Kritsky, who also serves as editor of the journal American Entomologist and has published five books and more than 100 papers on insect evolution, beekeeping history, Egyptology, and Charles Darwin, said that although many people have discussed the possibility of eating the insects, he’d prefer not to — not because of the taste or anything, but because they are an endangered species.

In that respect, Kritsky, who is not Catholic, respects Pope Francis’ frequently expressed concern for the environment.

Besides, there are plenty of other animals that will indulge, according to Cicada Mania.

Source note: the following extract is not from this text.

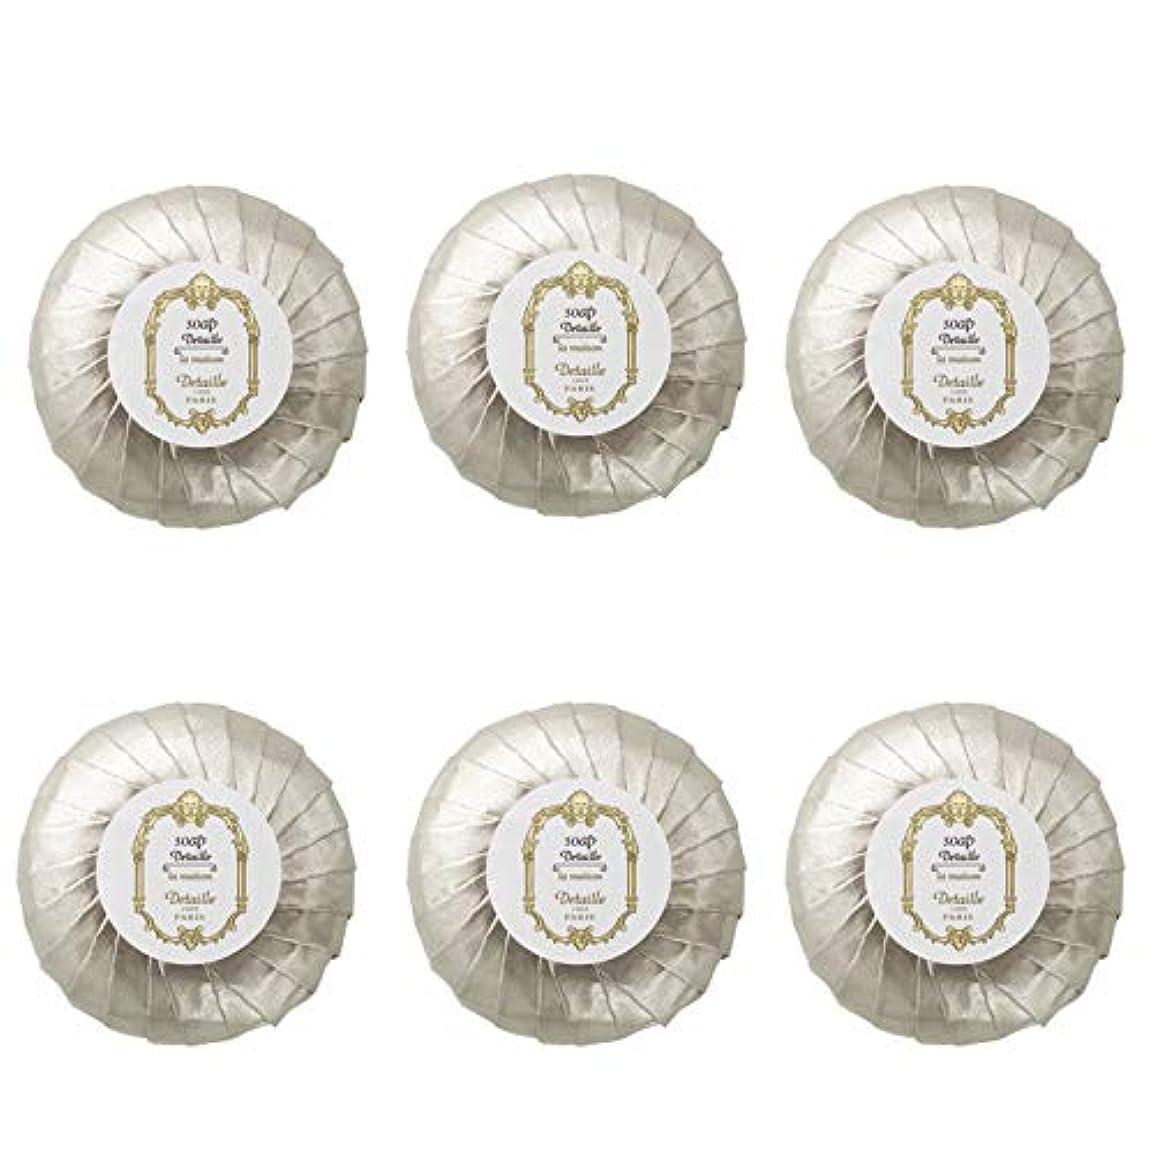 絡まる満州ウッズPOLA デタイユ ラ メゾン スキンソープ 固形石鹸 (プリーツ包装) 50g×6個
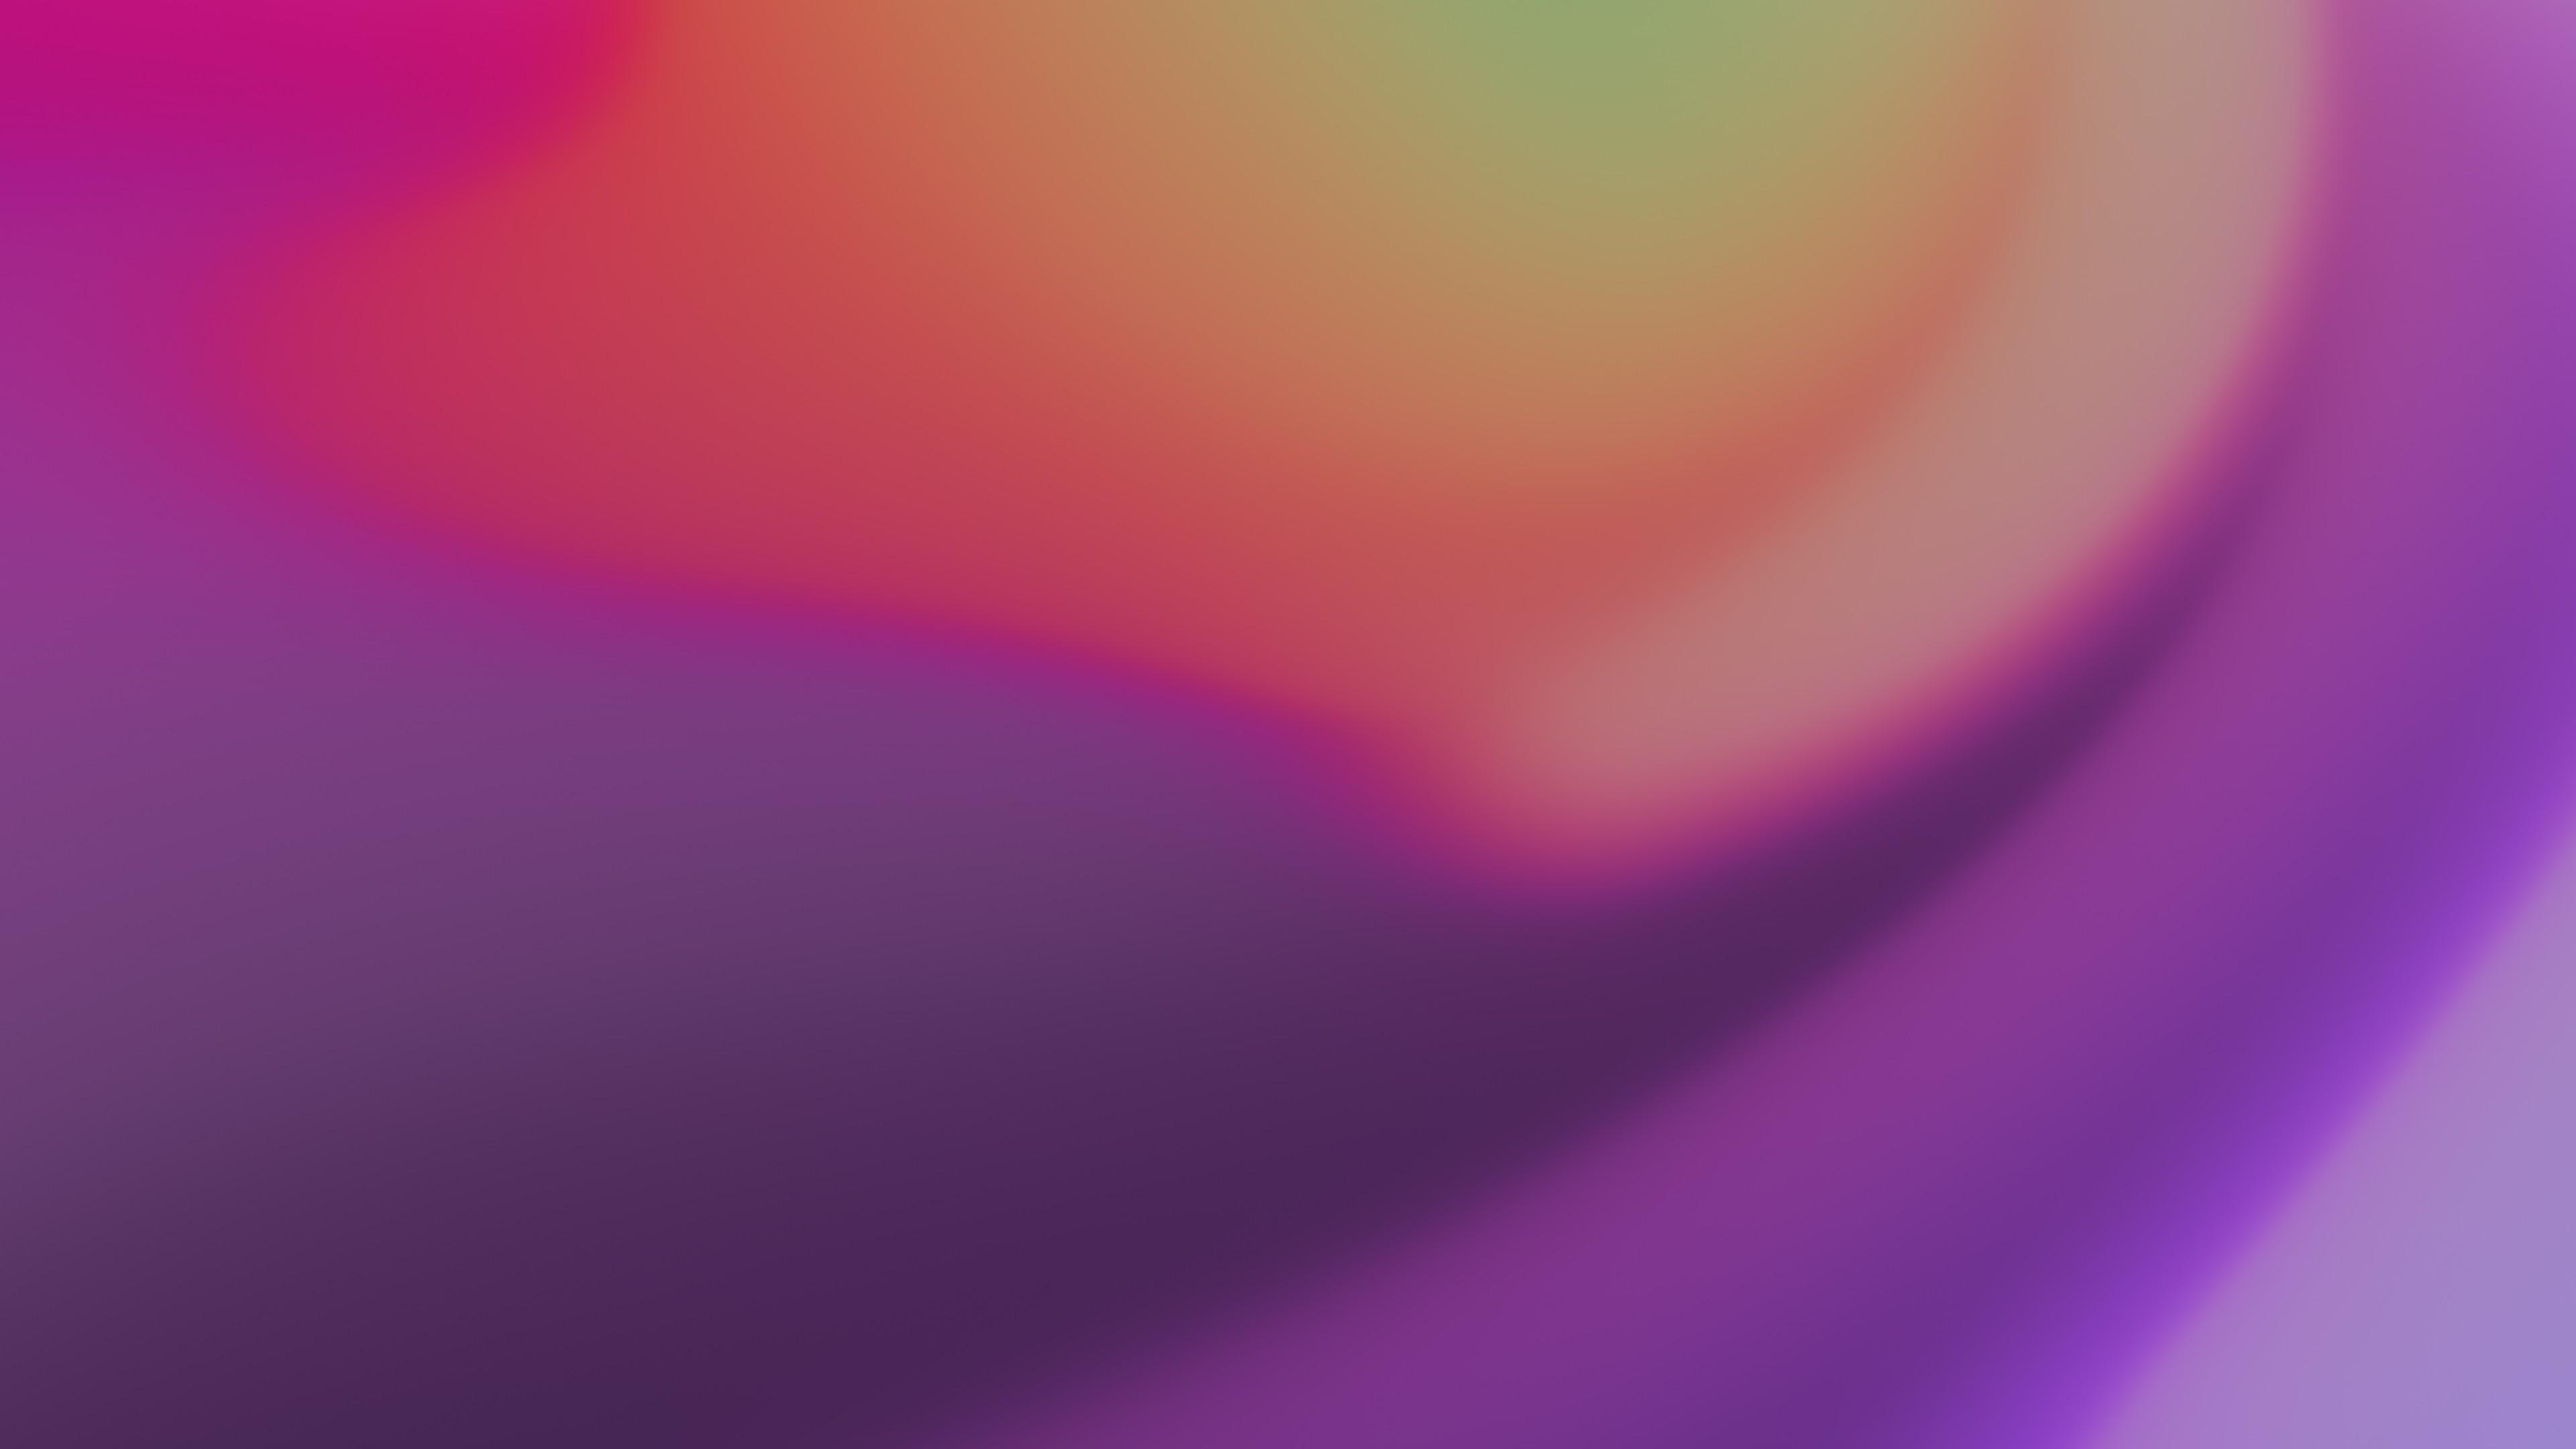 Желто-оранжевая абстрактная фигура в лучах ультрафиолета

“Cicadas provide a link in the food chain between trees and critters, which I’ll define as any animal that will eat a cicada,” says the website, which is maintained by bug enthusiast Dan Mozgai. “Critters love cicadas, and a 17-year cicada emergence is the single greatest feast of their lives. It’s like 17 years of Christmas, Thanksgiving, and birthday parties rolled into one incredible month.” The website adds:

Trees feed off the sun and nutrients in the soil, cicadas feed off the trees, critters eat cicadas, and alpha predators (wolves, foxes, bears, cats, game fish, people) eat critters. The massive release of food and energy that comes from a cicada emergence results in an explosion of critter populations, which in turn results in a boon for alpha predators as well. …

Cicadas also do the trees a service by dying and releasing a vast amount of nutrients back into the soil. When the cicadas die, it’s like dumping bags of fertilizer around the roots of the trees. The extra nutrients should result in a spurt in tree growth and seed production the following spring, which would result in an increase in tree populations (and acorns, which critters love to eat).